Started by May 10, 2013 03:33 AM
8 comments, last by unbird 11 years, 4 months ago

This has been bugging me for several days now and I can't really figure out if this is actually a problem or not!

This is a low poly sphere

yDbXbF0.jpg

I'm using phong shading and the normals provided by blender when exporting the sphere object.

This is a higher poly count sphere:

Hjqn53Q.jpg

As you can notice, the edges are still visible and that is driving me insane. I'm using Blender's vertex normals so those values should be correct.

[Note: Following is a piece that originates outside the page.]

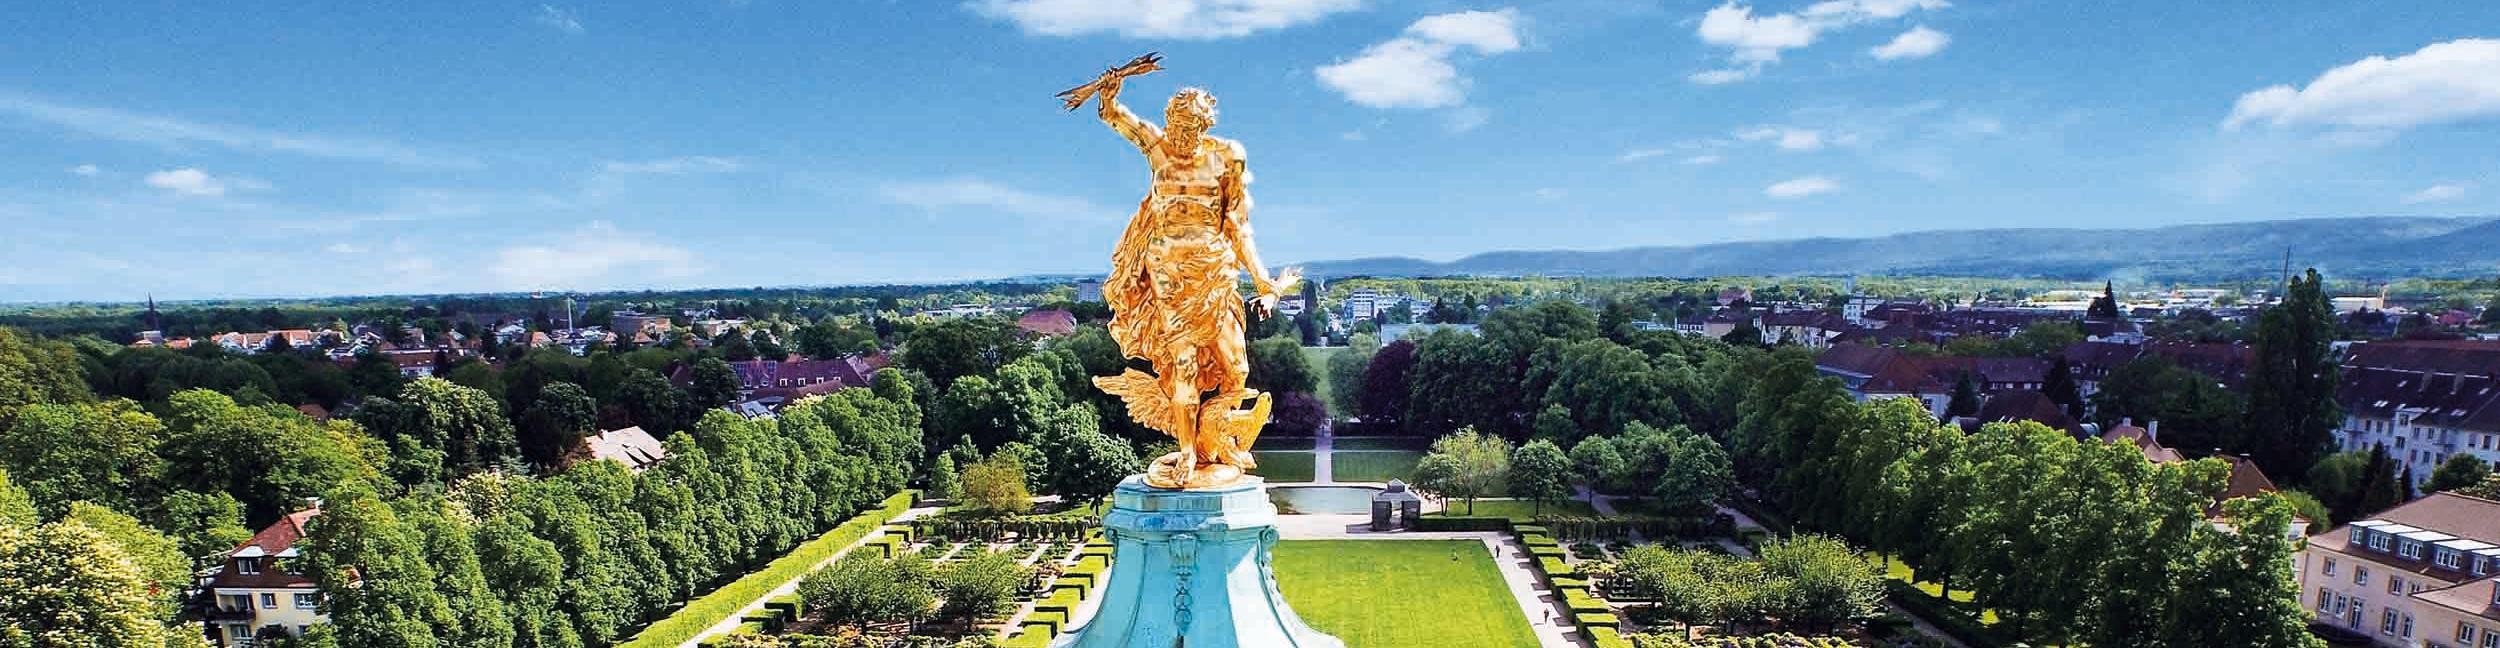 L'homme en or au château de Rastatt

The only thing left that could be wrong is the FX file, which again, should be okay.

Here is the code for it:


VS_OUTPUT VS(float4 inPos : POSITION, float2 inTexCoord : TEXCOORD, float3 normal : NORMAL)
{
    VS_OUTPUT output;

    output.Pos = mul(inPos, WVP);	
    output.worldPos = mul(inPos, World);
    output.normal = mul(normal, World);
    output.TexCoord = inTexCoord;

    float4 worldPosition = mul(inPos, World);

    output.viewDirection = normalize(cameraPos - worldPosition);
	
    return output;
}

float4 PS(VS_OUTPUT input) : SV_TARGET
{
    float3 reflection;
    float4 specular;

    input.normal = normalize(input.normal);
	
    float4 tex = ObjTexture.Sample(ObjSamplerState, input.TexCoord);

    float3 finalColor = float3(0.0f, 0.0f, 0.0f);
    specular = float4(0.0f, 0.0f, 0.0f, 0.0f);
	
    //Create ambient
    float3 finalAmbient = tex * light.ambient;
	
    //Create the vector between light position and pixels position
    float3 lightToPixelVec = light.pos - input.worldPos;
		
    //Find the distance between the light pos and pixel pos
    float distance = length(lightToPixelVec);
	
    //If pixel is too far, return
    if( distance > light.range )
	return float4(finalAmbient, tex.a);
		


	//Turn lightToPixelVec into a unit length vector describing the pixels direction from the lights position
	lightToPixelVec /= distance; 
	
	//Calculate how much light the pixel gets by the angle in which the light strikes the pixels surfaec
	float howMuchLight = dot(input.normal, lightToPixelVec);
	
	
	reflection = normalize(2 * input.normal + lightToPixelVec); 
	specular = pow(saturate(dot(reflection, input.viewDirection)), light.specularPower);
	

	//If light is striking the front side of the pixel
	if( howMuchLight > 0.0f )
	{	

      	finalColor += howMuchLight * tex * light.diffuse + specular;		

        // falloff factor
	finalColor /= light.att[0] + (light.att[1] * distance) + (light.att[2] * (distance*distance));
	
	}	
	    
	finalColor = saturate(finalColor + finalAmbient);	
	return float4(finalColor, tex.a);
}

The code is simplified so that only the relevant light stuff is shown. Nothing too fancy, so I would immensely appreciate if someone could tell me why I simply can't get phong shading to work properly.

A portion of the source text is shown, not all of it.